How would you keep the other variables constant?
- Use water bath to keep the temperature constant.
- Do it in a dark room, so that the only light source is from the equipment you have used in experiment.
- Include the same amount of sodium hydrogencarbonate solution in the water so that each plant gets the same amount of CO2.
- The length of plant cut should be equal - and same size and shape. (eg. amount of leaves or part of plant).
Limitations with this experiment?
- Gas collected not pure oxygen (CO2 and nitrogen may be in it too).
- Oxygen collected may not be representation of oxygen produced by photosynthesis. O2 may be used for respiration.

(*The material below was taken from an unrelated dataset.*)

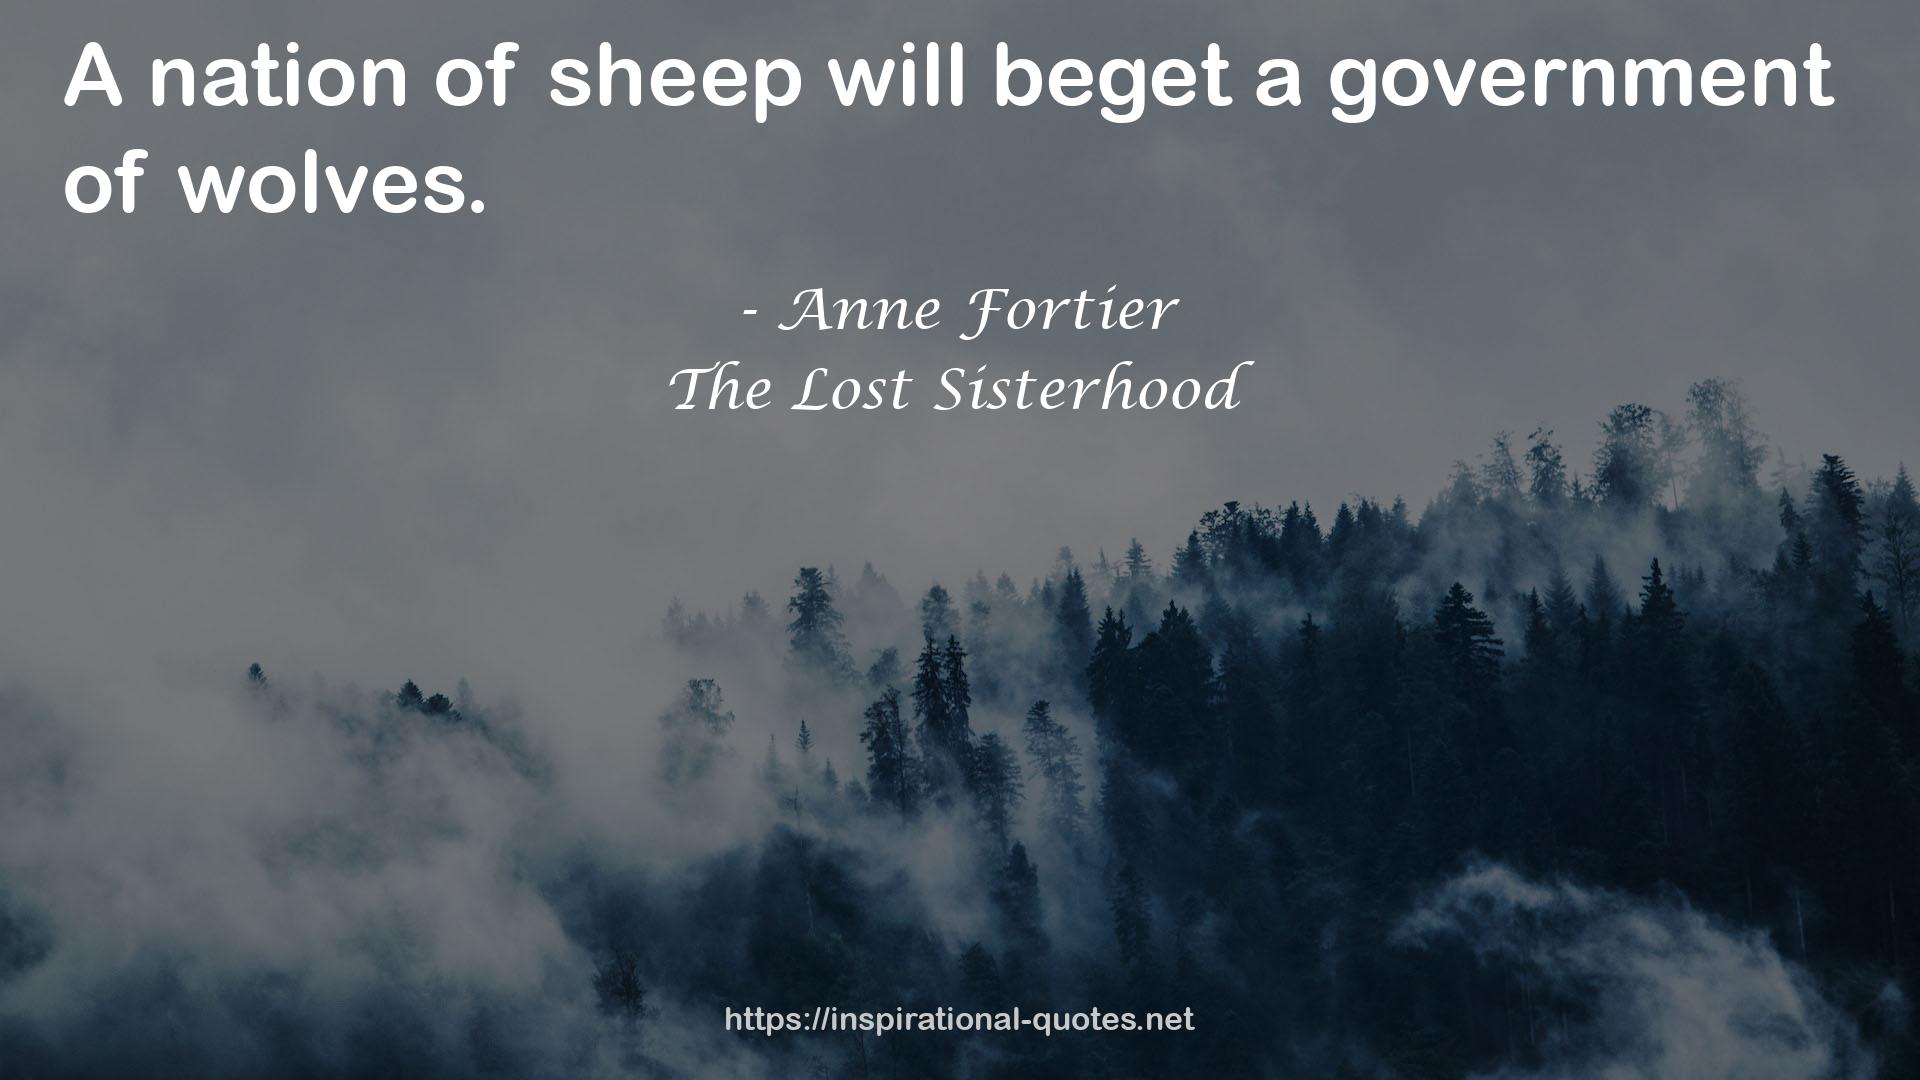 The Lost Sisterhood QUOTES

- Oxygen may escape collection. eg. slip through between tube and capillary tube, or it may get caught on leaves.
- Ambient light
- Fluctuations in temp. (Could be improved by using thermostatically-controlled water bath)
- Hard to measure air bubble? (Could be improved by using gas syringe).
How would you use the photosynthometer experiment for testing the 3 factors?
- Light intensity: Vary distance of light source and do 1/d2
- Temp: change temp of water bath. [not wholly accurate as warmer water reduce solubility of oxygen gas]
- CO2: Vary number of drops of sodium hydrogencarbonate solution added.
Describe how the experiment with the lead disc density can be done.
- 1. Cut discs of leaf from cress cotyledons.
- 2. Put 5/6 leaf discs in syringe and half-fill with diulte sodium hydrogencarbonate solution,
- 3. Hold syringe upright, place finger over end, and pull plunger. Air spaces in spongy mesophyll replaced by sodium hydrogencarbonate solution. Density increases, and sink to bottom.
- 4. Transfer contents into small beaker. Illuminate from above.
- 5. Measure how long it takes for one leaf disc to float to the top of solution. Reciprocal of time taken (1/t) is measure of the rate.
- 6. Repeat, and then at different light intensities.